/Random-Forest-using-parallel-processing

Optimization of Random Forest Algorithm using parallel processing

Primary LanguageR

Random-Forest-using-parallel-processing

Optimization of Random Forest Algorithm using parallel processing

Abstract

The random forest approach, which aggregates decision trees made from random features, can be used to generate machine learning models. A predictive model that links data observations to specific inferences about the data is built using trees. Excessive processing times are a common problem that frequently occurs when random forest is applied since it requires a large amount of data and develops several tree models in order to create random trees utilising a single processor. We aim to accelerate random forest using R programming and parallel computing. The model will be speed tested against conventional Random Forest using the dhfr datasets. Findings from the entire study will show that running a random forest in parallel requires less processing time than doing so on a single processor.

About the dataset

Dhfr dataset

Values for 325 chemicals are included in this data set. 228 molecular descriptors have been derived for each molecule. Each sample is also categorised as "active" or "inactive." A column called Y with the outcome classification can be found in the data frame dhfr. The remaining columns provide values for molecular descriptors.

Proposed work

Each tree is built serially in a standard Random Forest. Time complexity: O(t|K|nlogn), with t equal to the number of trees. K: the number of selected features n is the size of the practise set. Although adding more trees can increase accuracy, it can also extend training time. Consequently, we employ parallel processing when programming in R.

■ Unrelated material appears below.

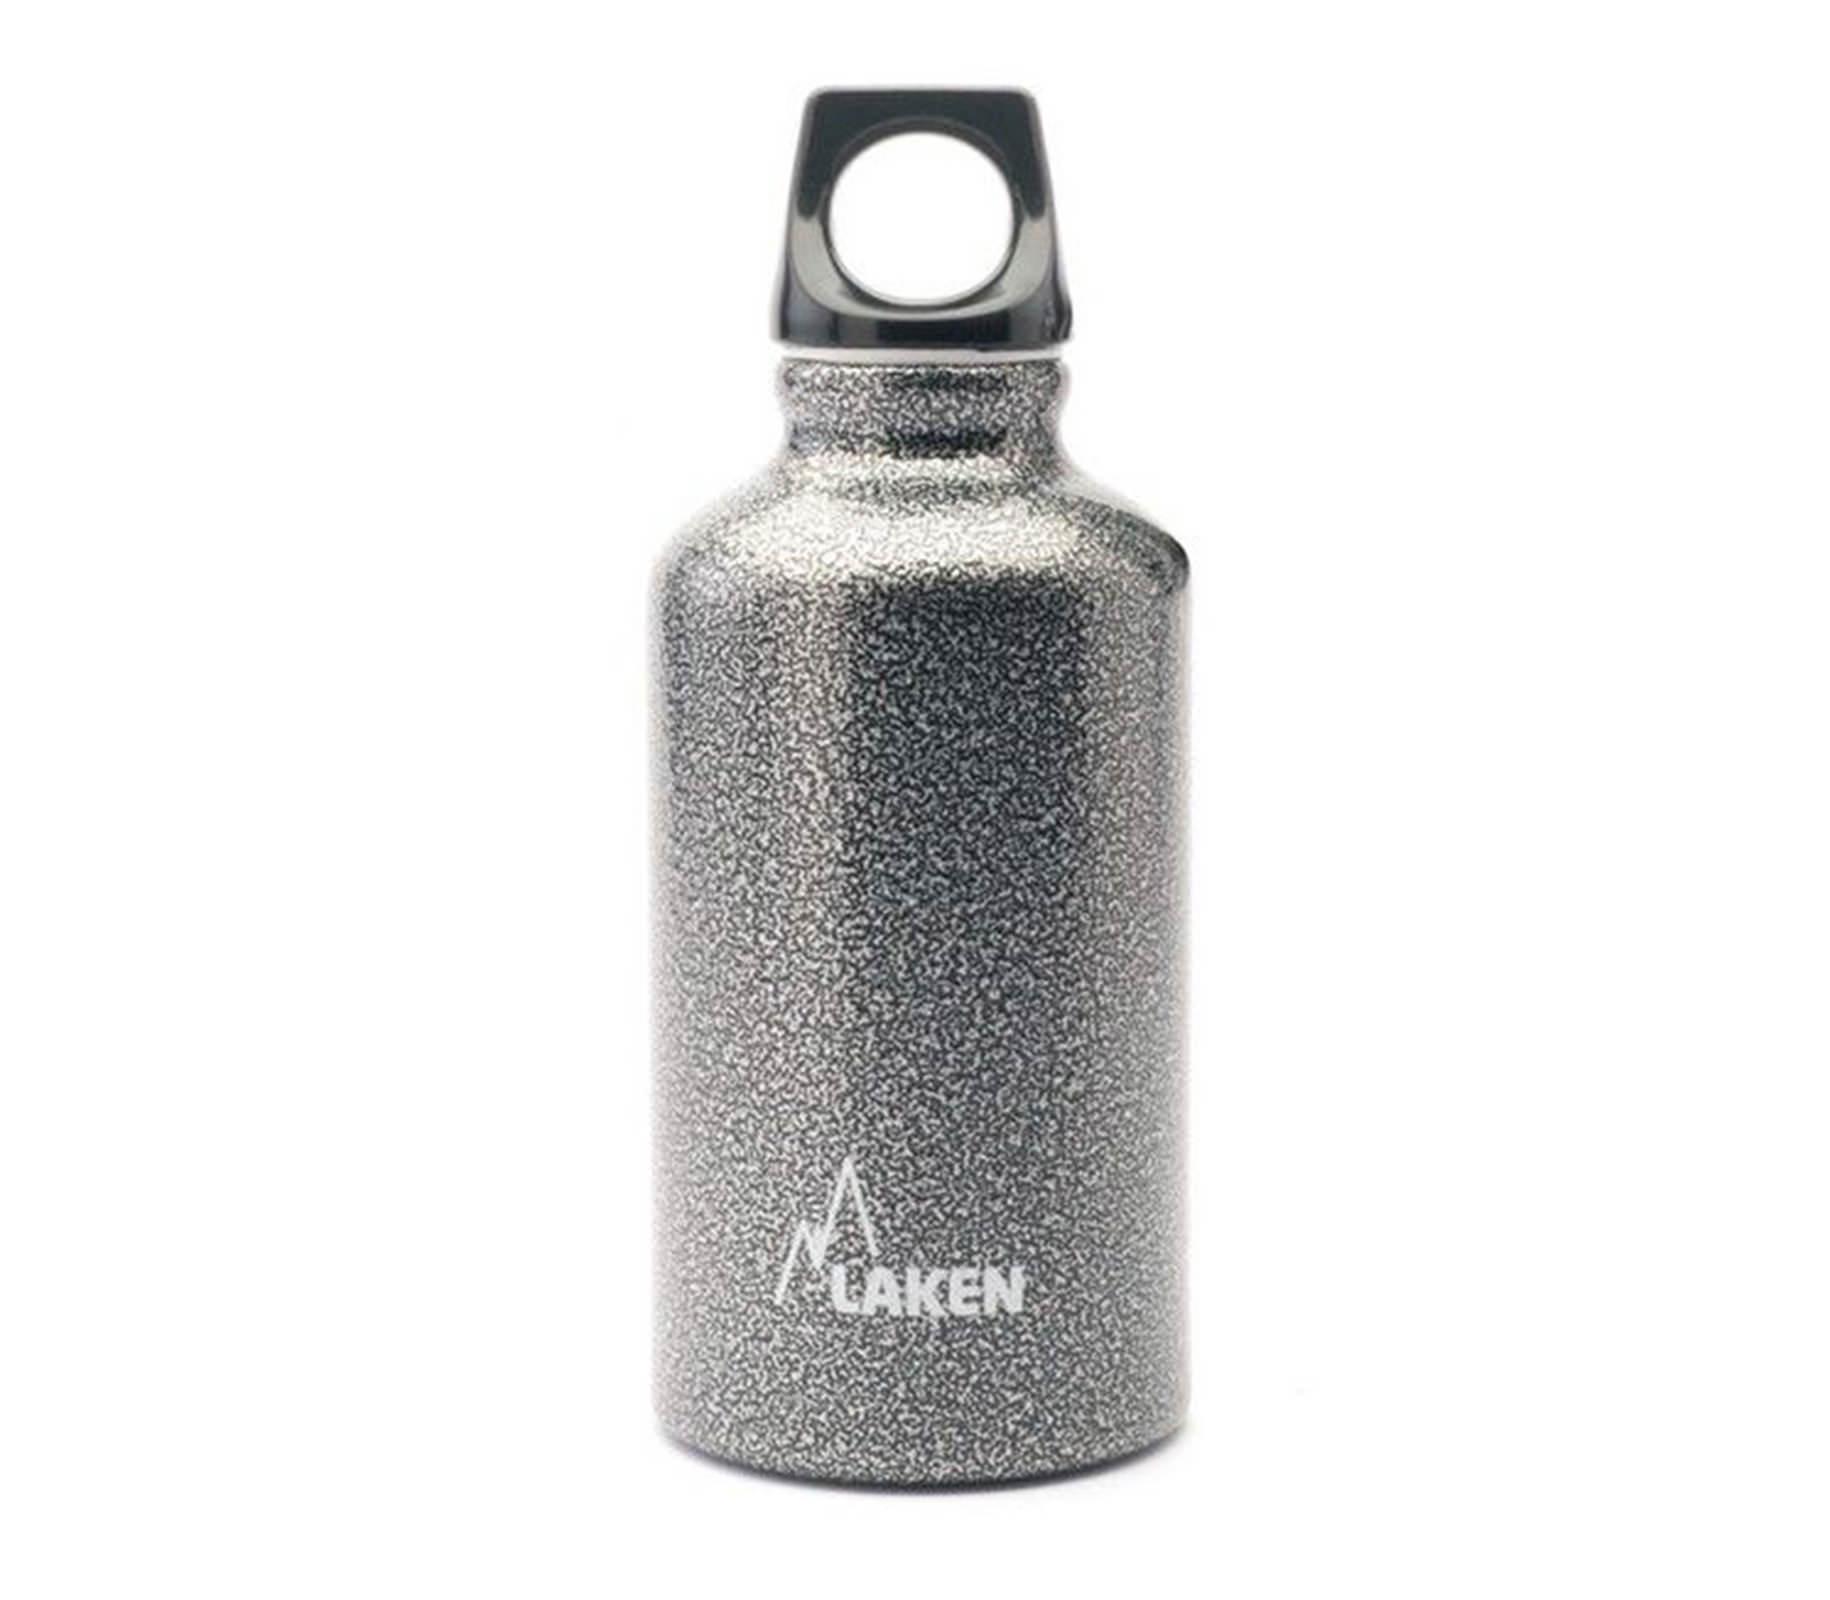 Bình nước LAKEN Aluminium Futura 350ml - Xám granite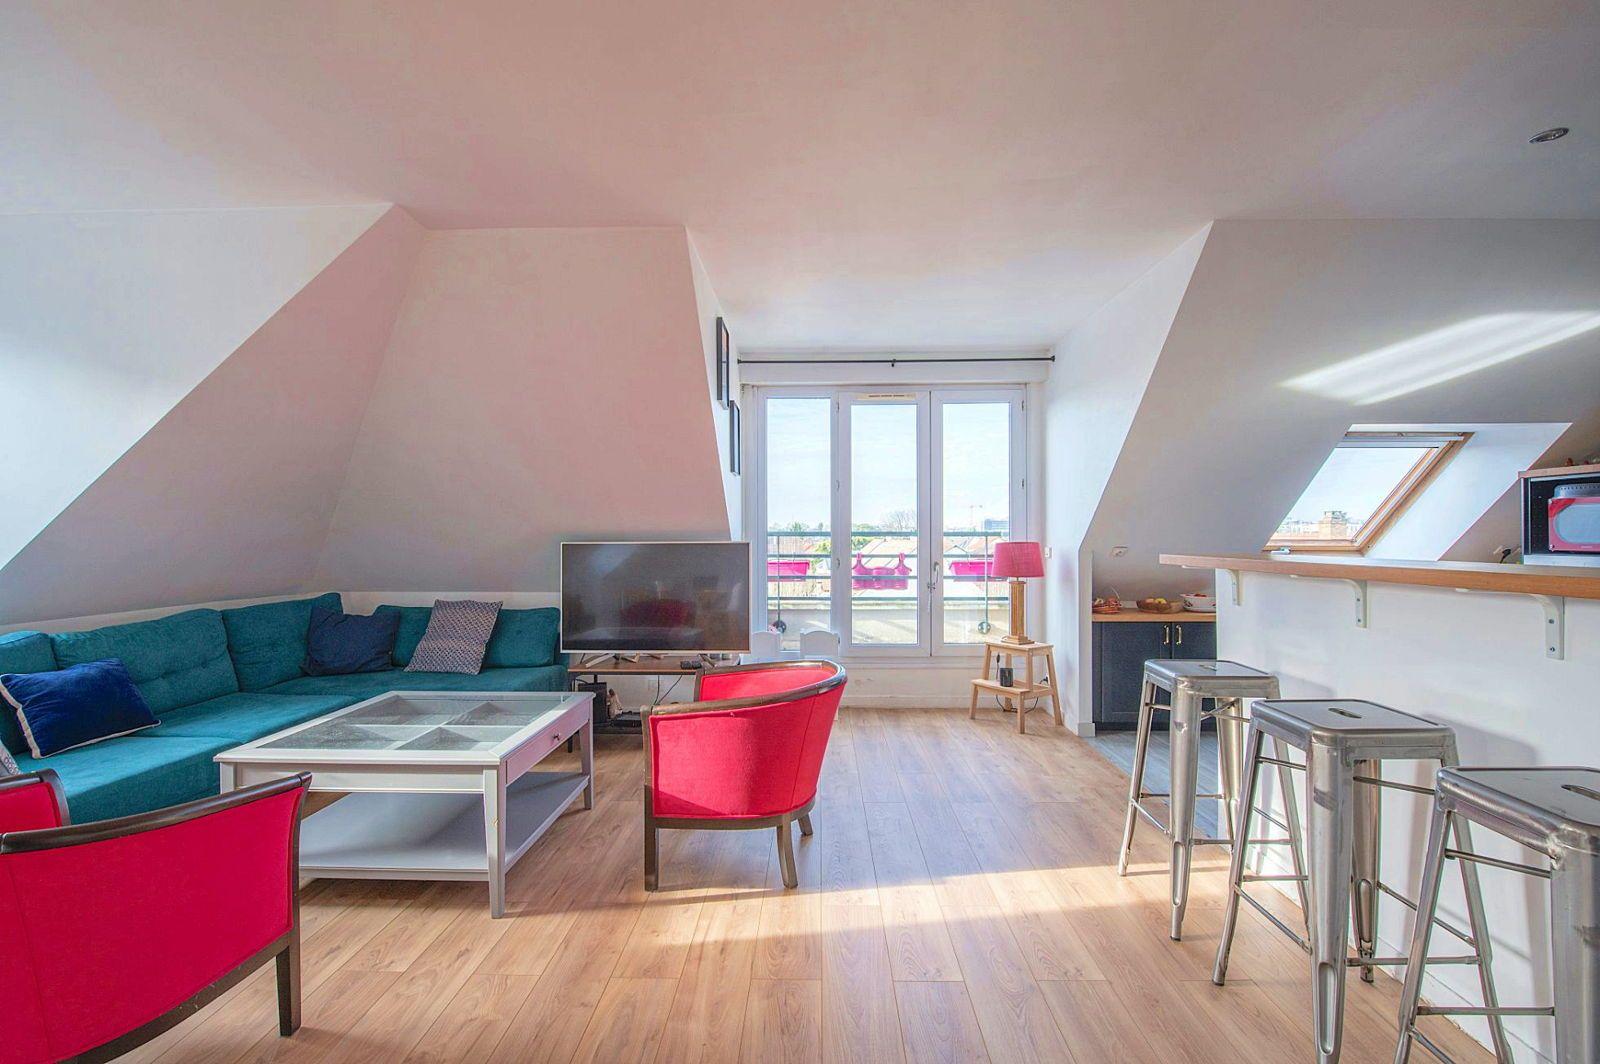 Vends Appartement 3/4pièces 90m² - 2chambres - Rueil-Malmaison (92)

rf <- randomForest(x=data, y=classes, ntree=5000, ...) The ntree parameter, which informs us of how many trees the forest would have, contains the parallelism in this situation. The trees are evenly distributed among the available processes in our task parallel approach, which then creates these sub forests in parallel before combining them into a bigger forest that is returned on the master process. Speed up can be achieved by two-folds.